══ Dataset excerpt

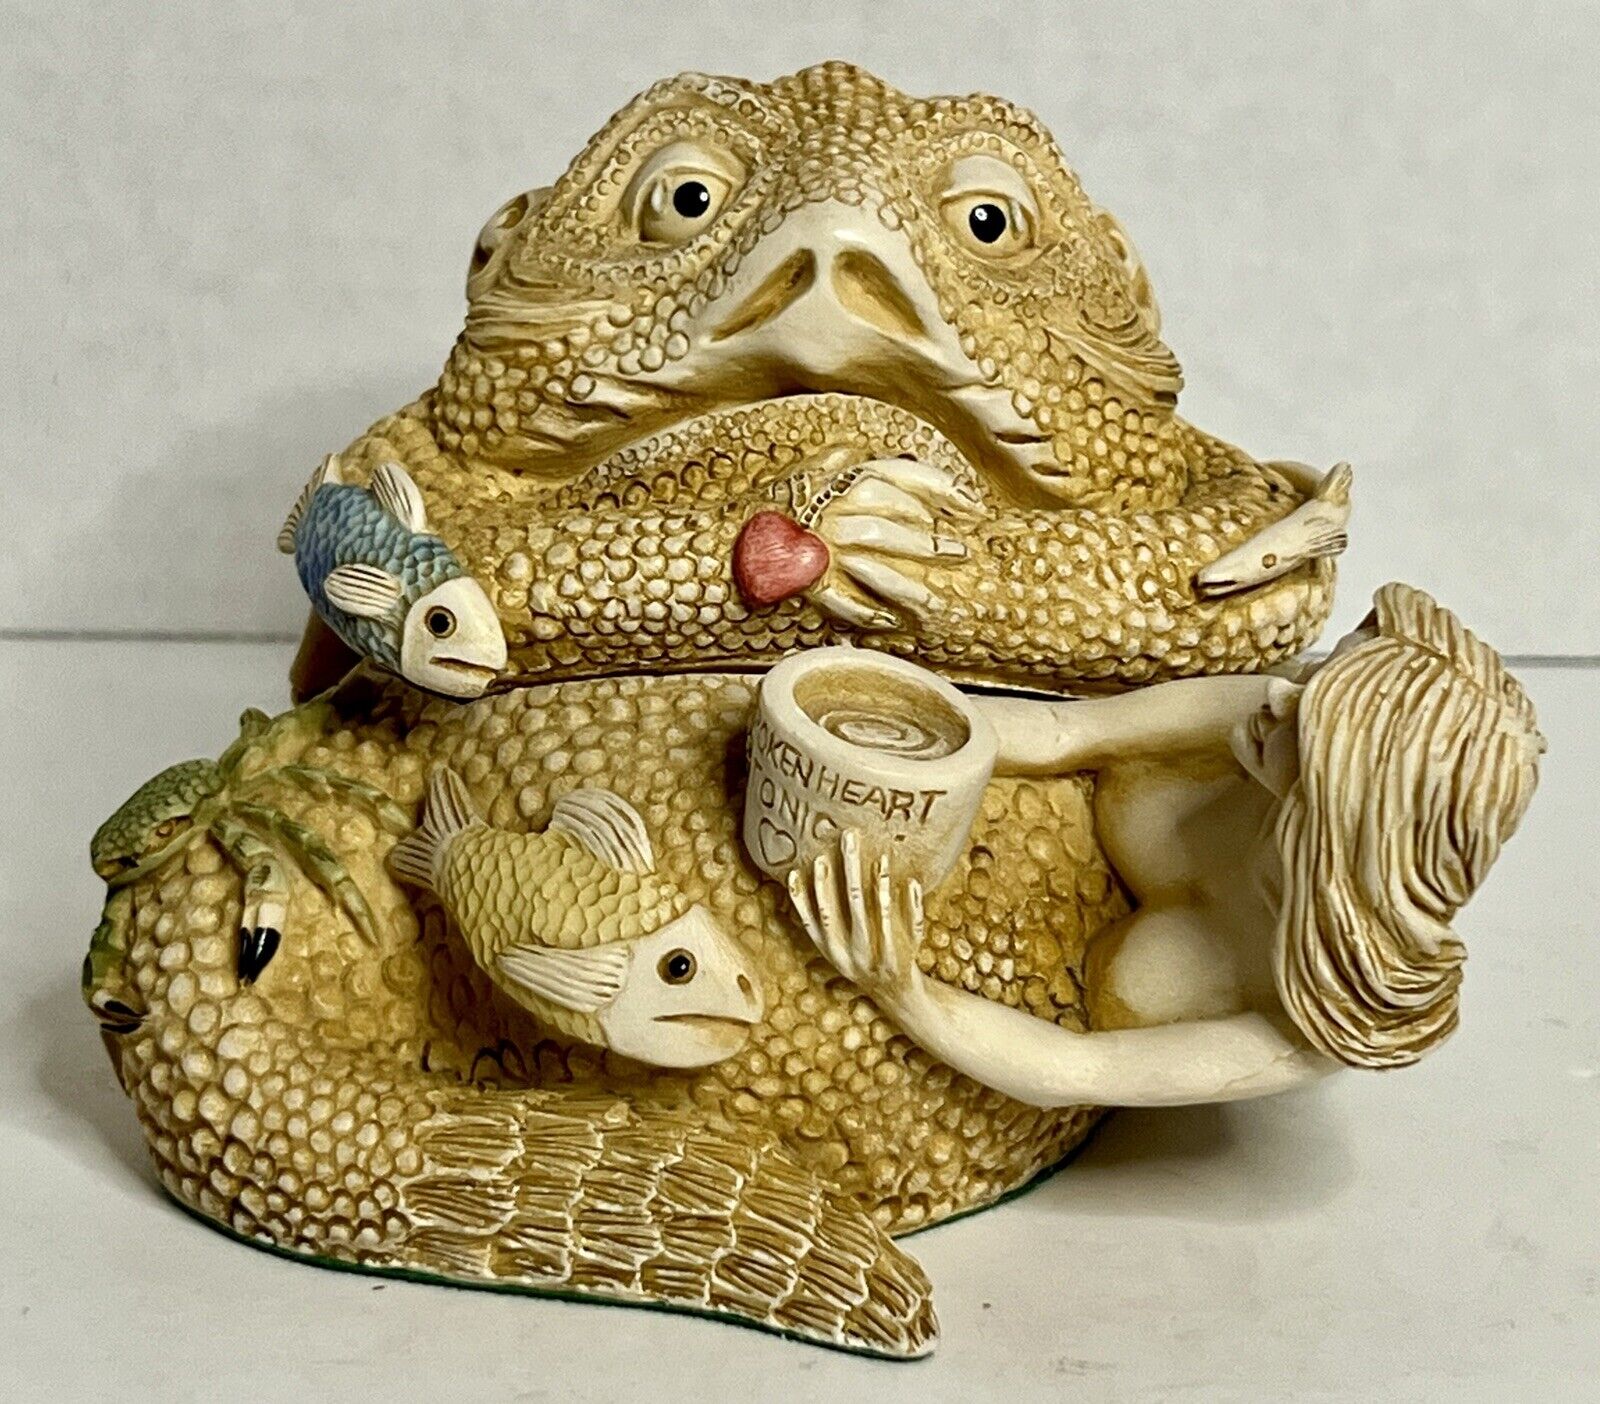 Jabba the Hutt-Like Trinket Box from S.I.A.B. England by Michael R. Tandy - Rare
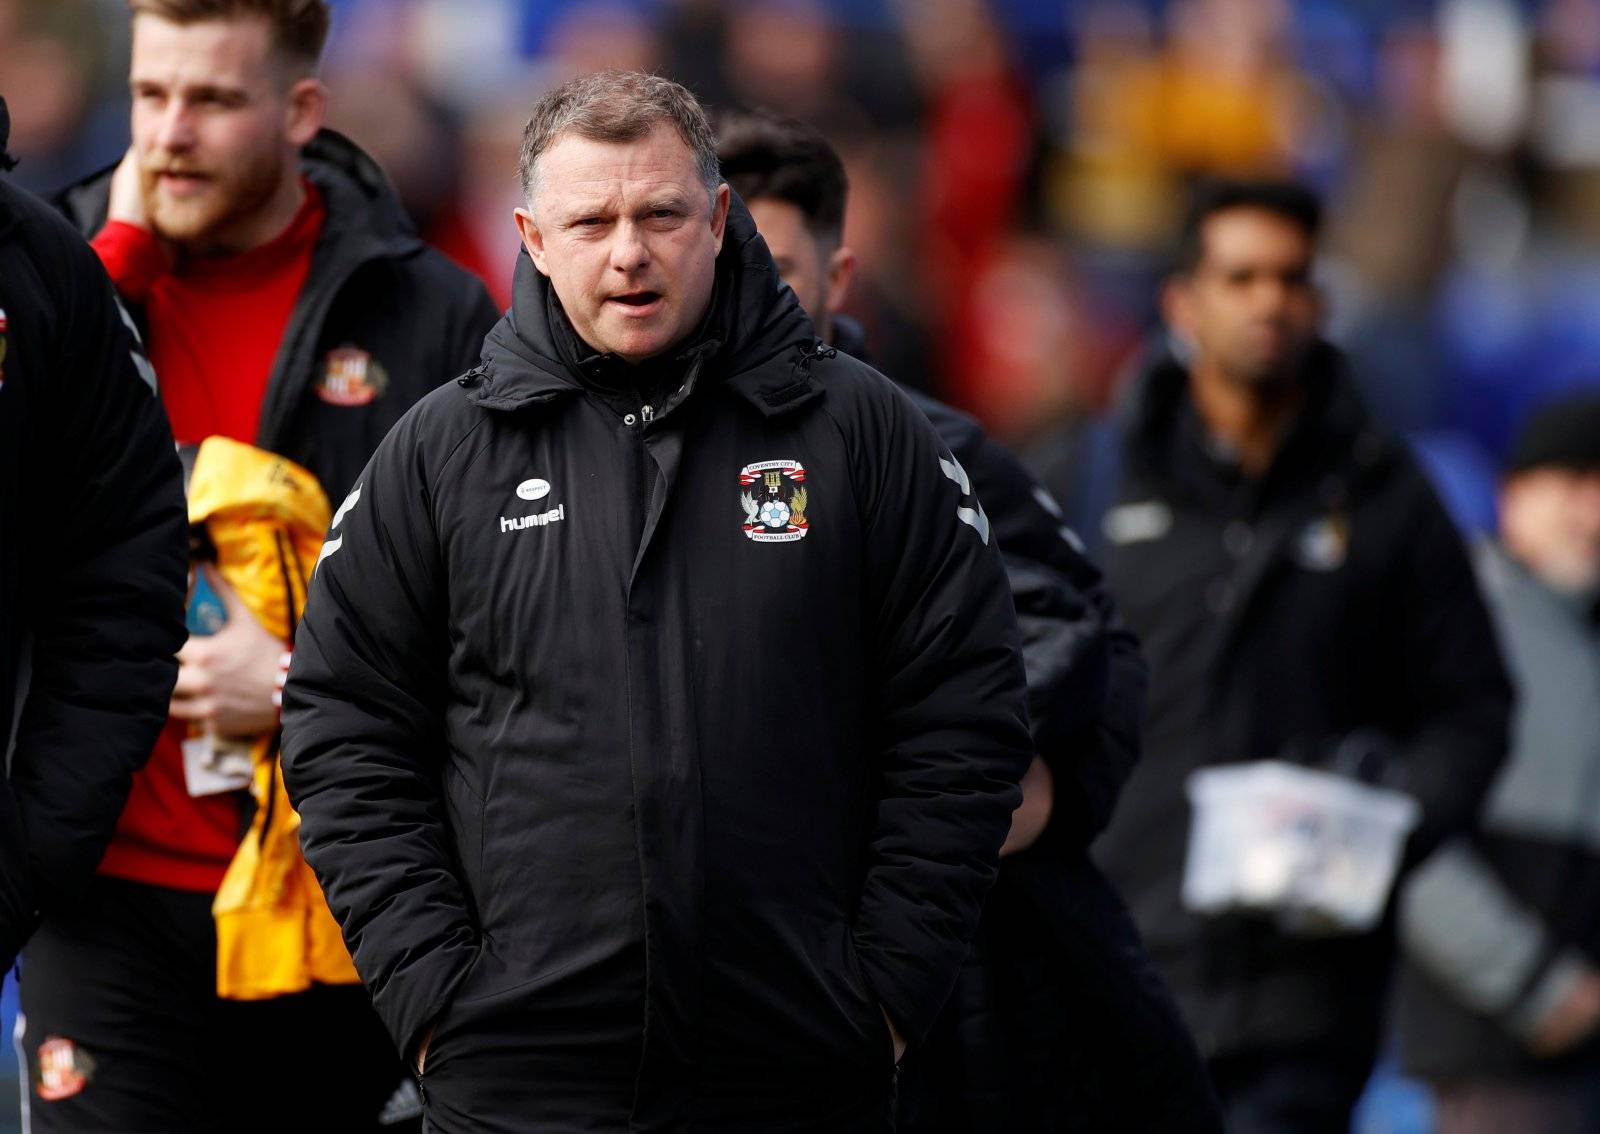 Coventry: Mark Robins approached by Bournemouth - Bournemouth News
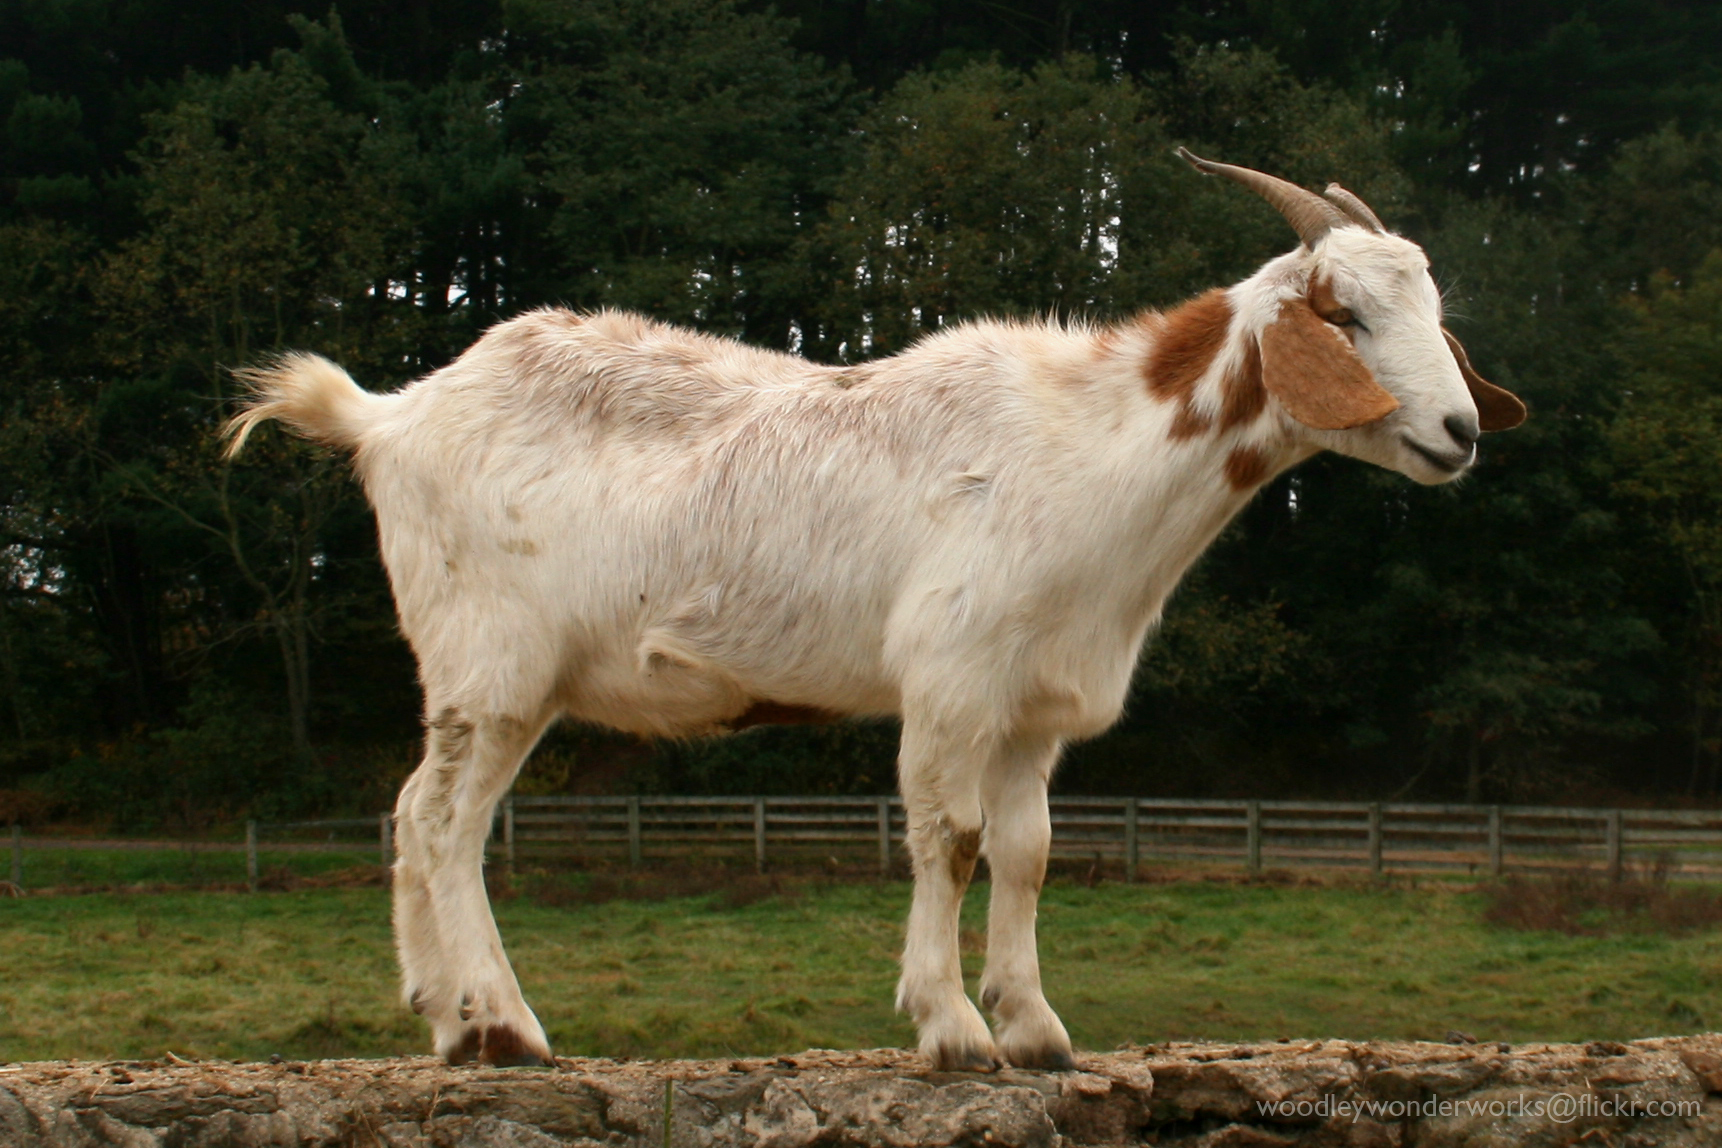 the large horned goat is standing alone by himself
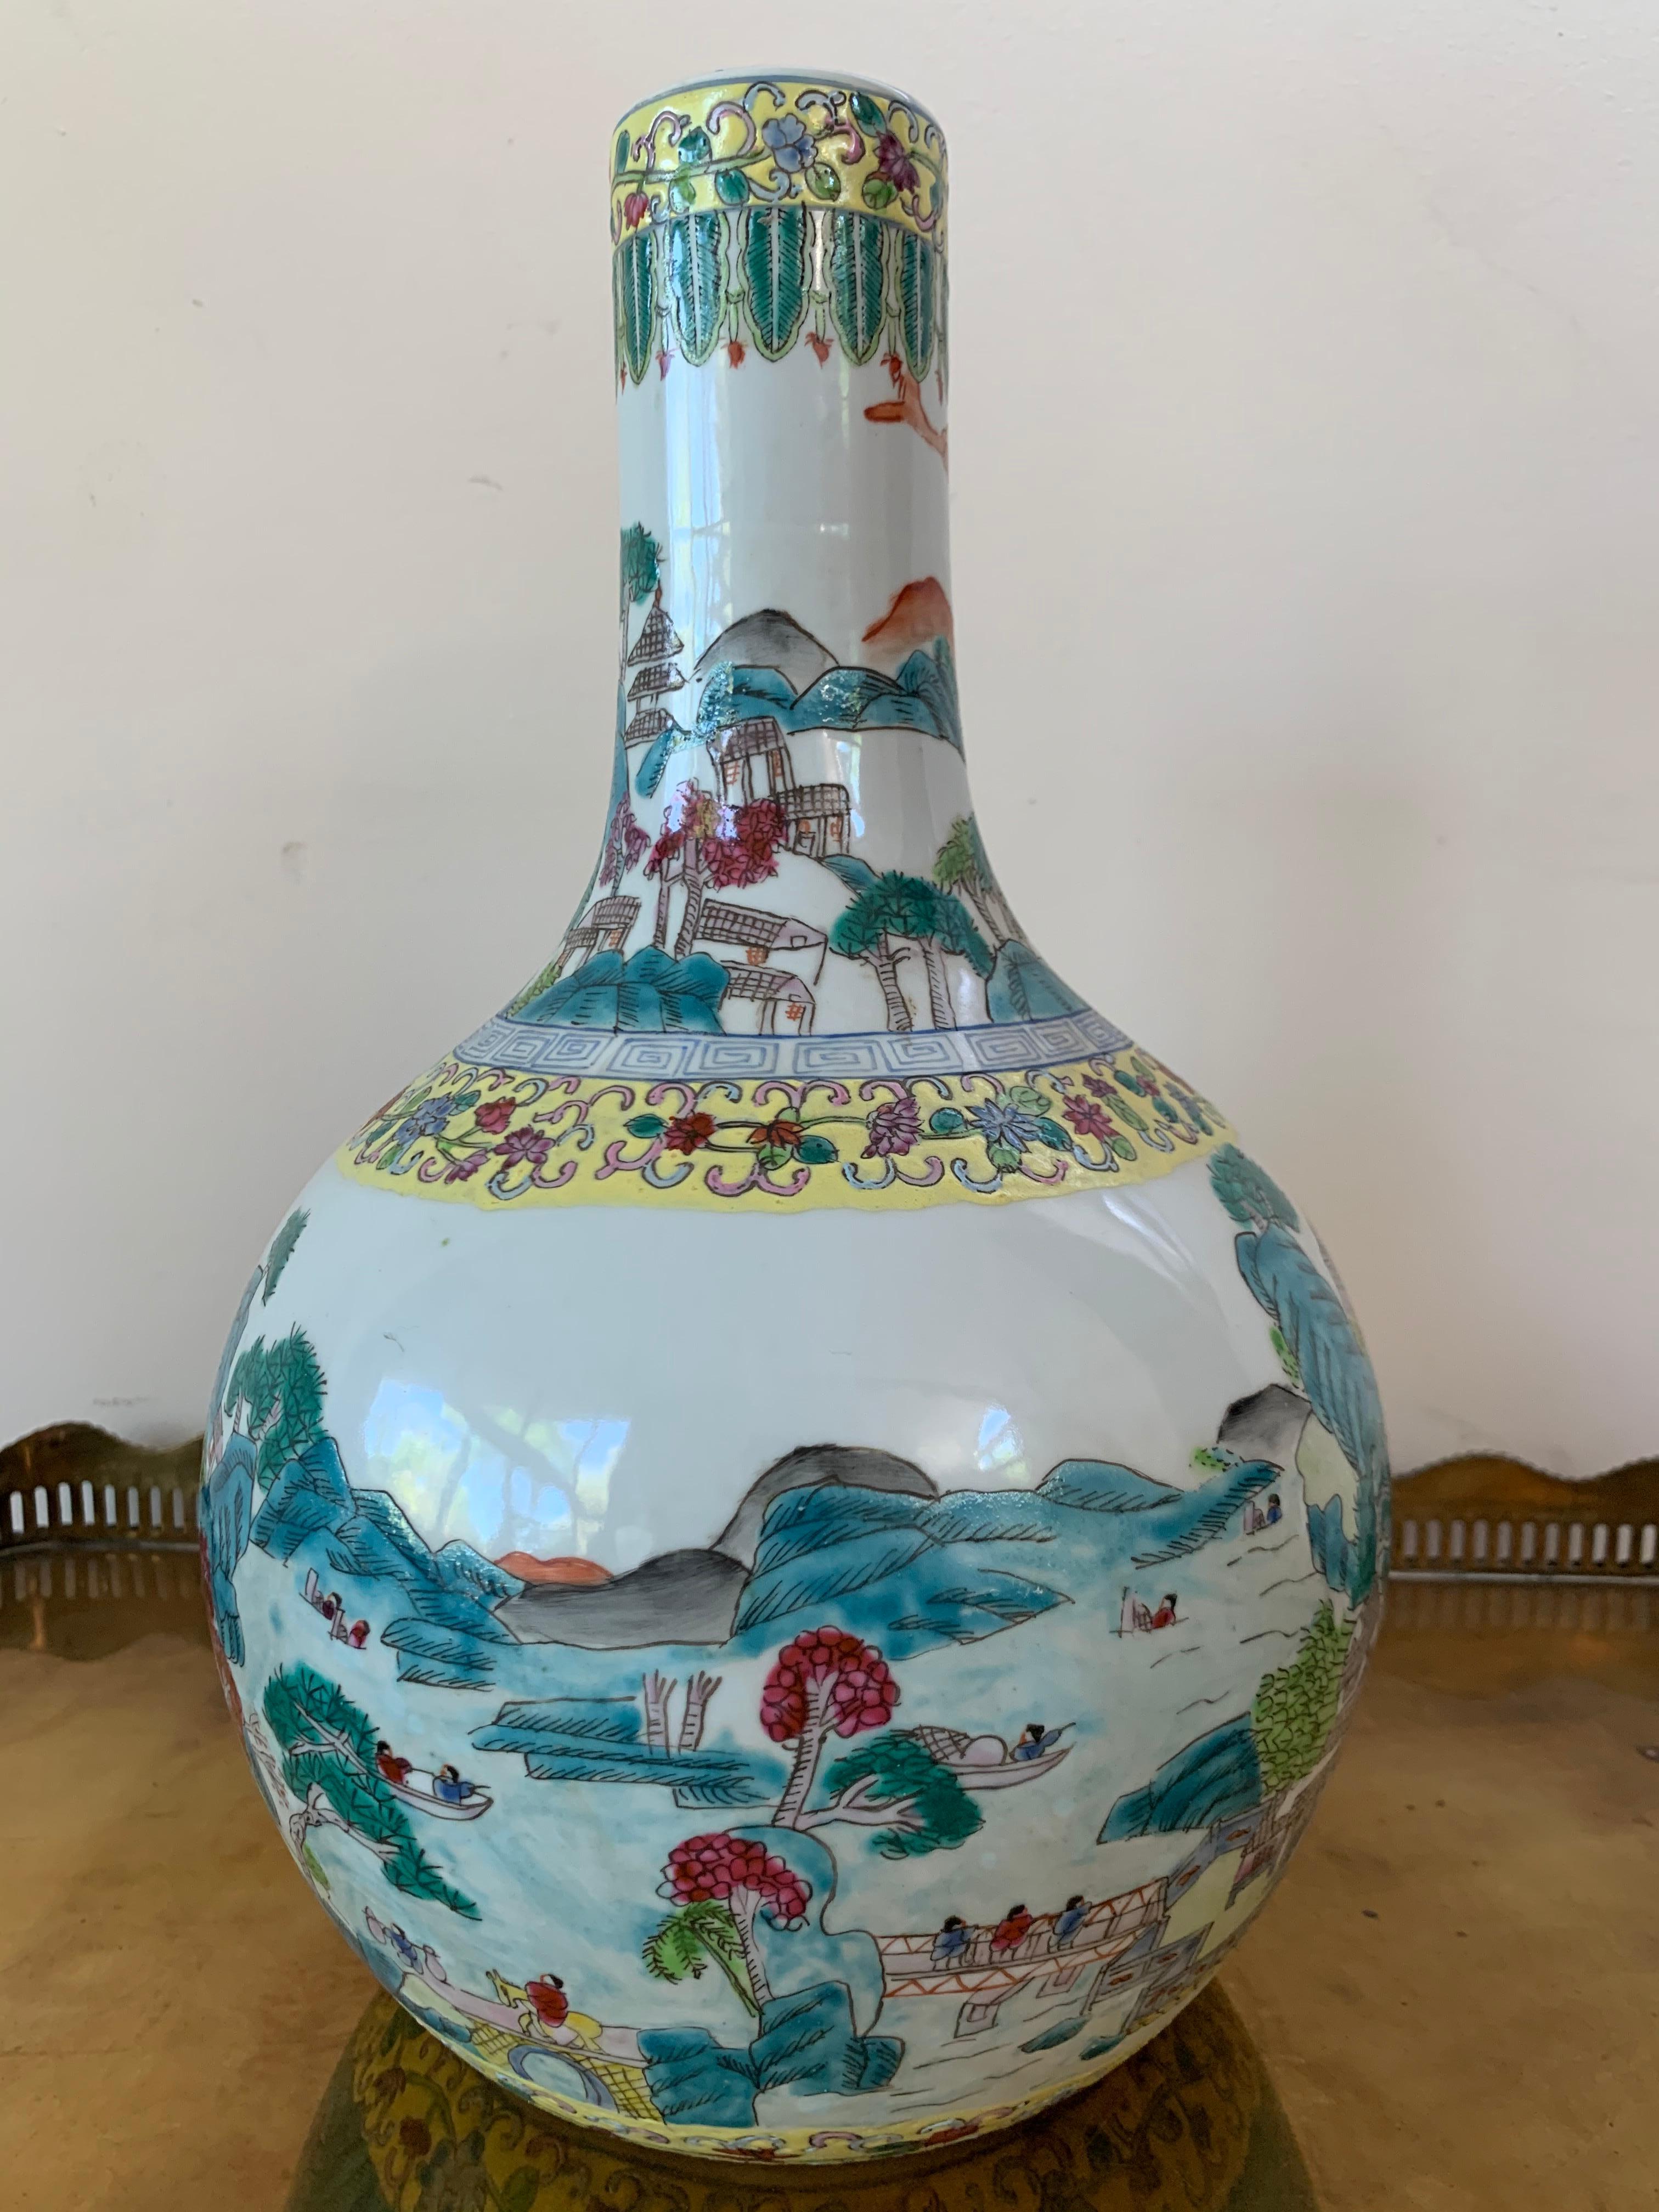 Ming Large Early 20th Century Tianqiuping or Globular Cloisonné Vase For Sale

════

### Exercise description
Skip every picture and retype only the lines from the line with "the large horned" through the last line of the listing, both ends included, exactly as they appear.

### Answer for this exercise
 the large horned goat is standing alone by himself
 Ming Large Early 20th Century Tianqiuping or Globular Cloisonné Vase For Sale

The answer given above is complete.